Geçmişten beri insanların değer verip takı haline getirerek bedenlerinde taşıdıkları mücevherler, değerli taşlar ve madenlerden yapılır. Bu taşlar ve madenler göze hitap eden parlak, estetik zevki tatmin eden maddelerdir.
Bu değerli taş ve mandenler arasında yer altıdan çıkarılan altın gümüş madenleri olduğu gibi İstiridye gibi bir canlıdan elde edilen inci de vardır. Diğer değerli madenleri ve taşları yeryüzünde veya altından bulup topyabilirken inciler ise bir canlının içerisinde toplanabiliyor. Çünkü inciler bir deniz canlısı olan İstiridyelerin bizzat ürünüdür.

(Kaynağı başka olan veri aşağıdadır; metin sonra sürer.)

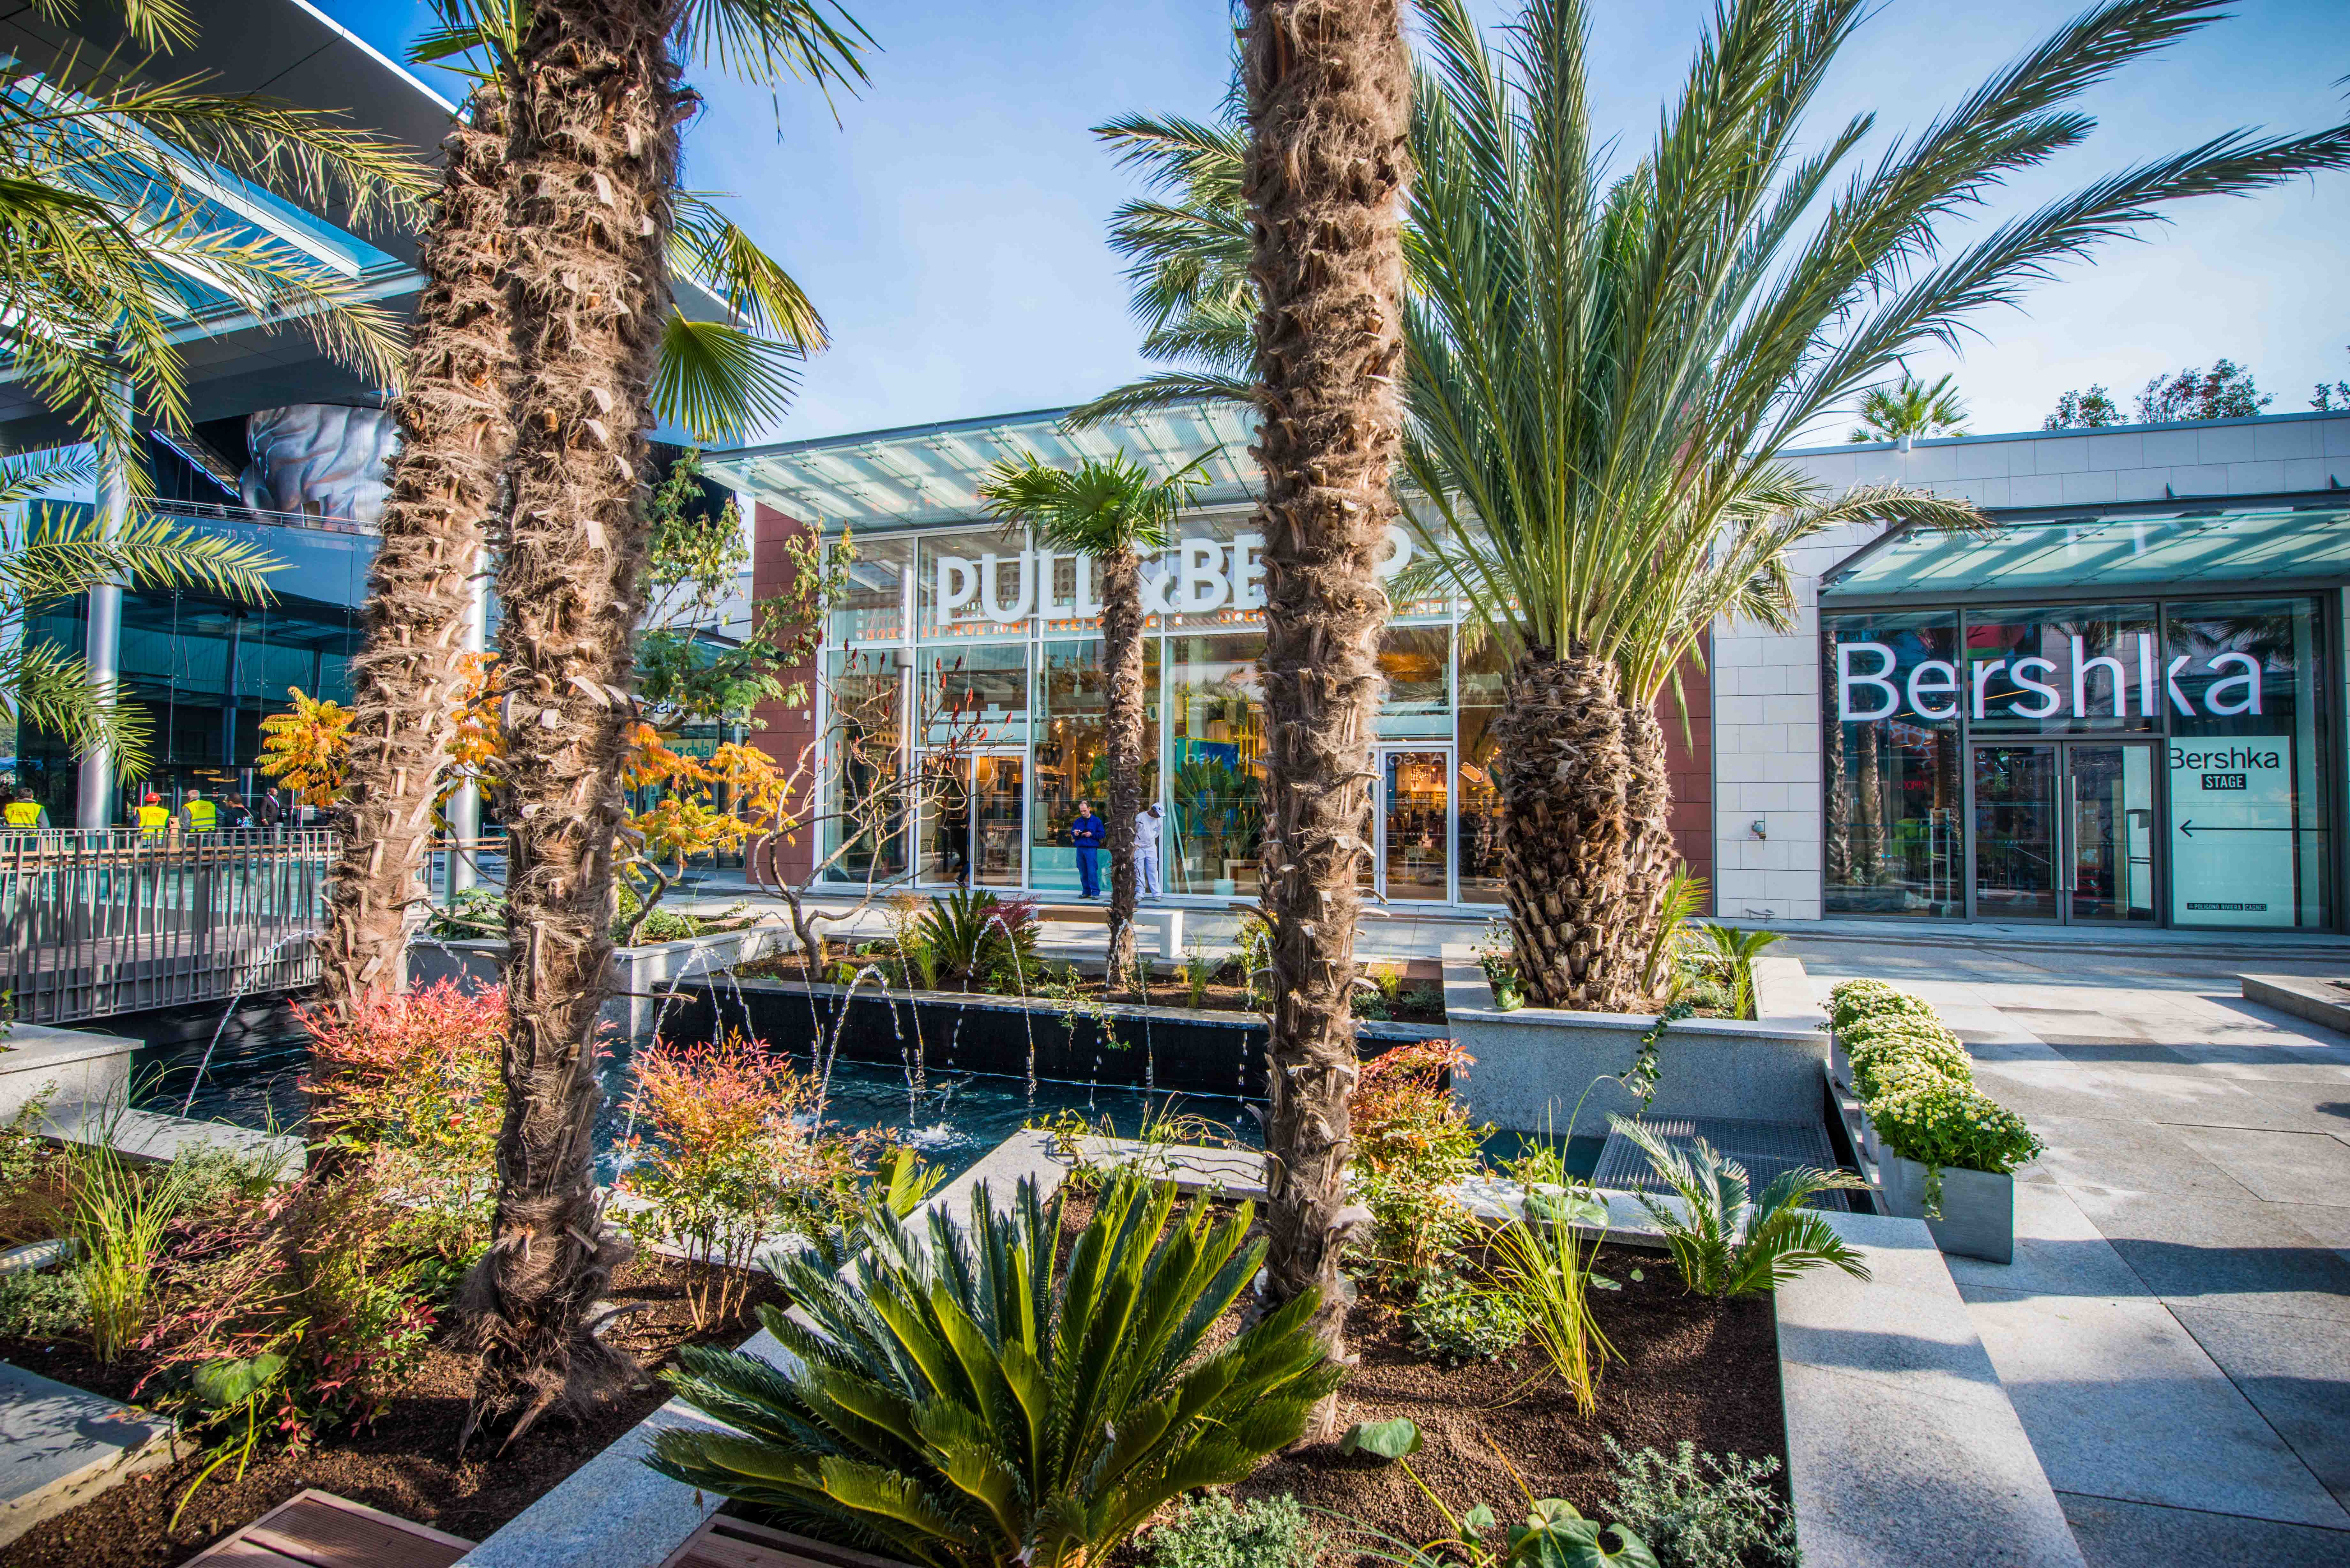 blog mister riviera c te d 39 azur polygone riviera ouvre ses portes cagnes sur mer. Black Bedroom Furniture Sets. Home Design Ideas

Peki ya İstiridyeler nasıl oluyor da bizim için büyük değere sahip olan inciler üretebiliyorlar?
İNCİNİN OLUŞUMU
İncinin istiridye içerisinde oluşması aslında istiridyenin bir çeşit kendini koruma mekanizmasının sonucudur. Kabuklarının arasından içine giren bir kum tanesi ya da herhangi bir parçacık istiridye tarafından yabancı madde olarak algılanır. İstiridye kendini korumak için bu yabancı maddeyi “incinin annesi” adı verilen sert, katı, güçlü ve parlak yapıdaki sedef mineraliyle sarmaya başlar. Zaman geçtikçe daha çok sedef ile kaplanan bu yabancı madde en sonunda parlak ve sert bir taşa dönüşür. İşte bu taşa inci denir.
SEDEF NEDİR?
Sedef minerali normalde istiridye tarafından kabuğun iç katmanını korumak amacıyla üretilir ve aragonit adı verilen bir çeşit kalsiyum karbonat kristalinden oluşur. Sedef, inci oluşturmanın yanı sıra istiridye kabuğunun iç katmanına da rengini verir
Beslenmek ve solumak için açık bıraktıkları kabuklarından içeri giren yabancı maddelere karşı geliştirdikleri koruma yöntemi olan biyolojik bir sürecin ürünü ise sert ve parlak yapıdaki incidir.
İnci, sedef yapısında olup %92 kalsiyum karbonat içerir. Geri kalan yüzde ise amino asitler ve minerallerden oluşur. Sıcak ve ılıman bölge denizlerde yaşayan yumuşakçalarda rastlanır.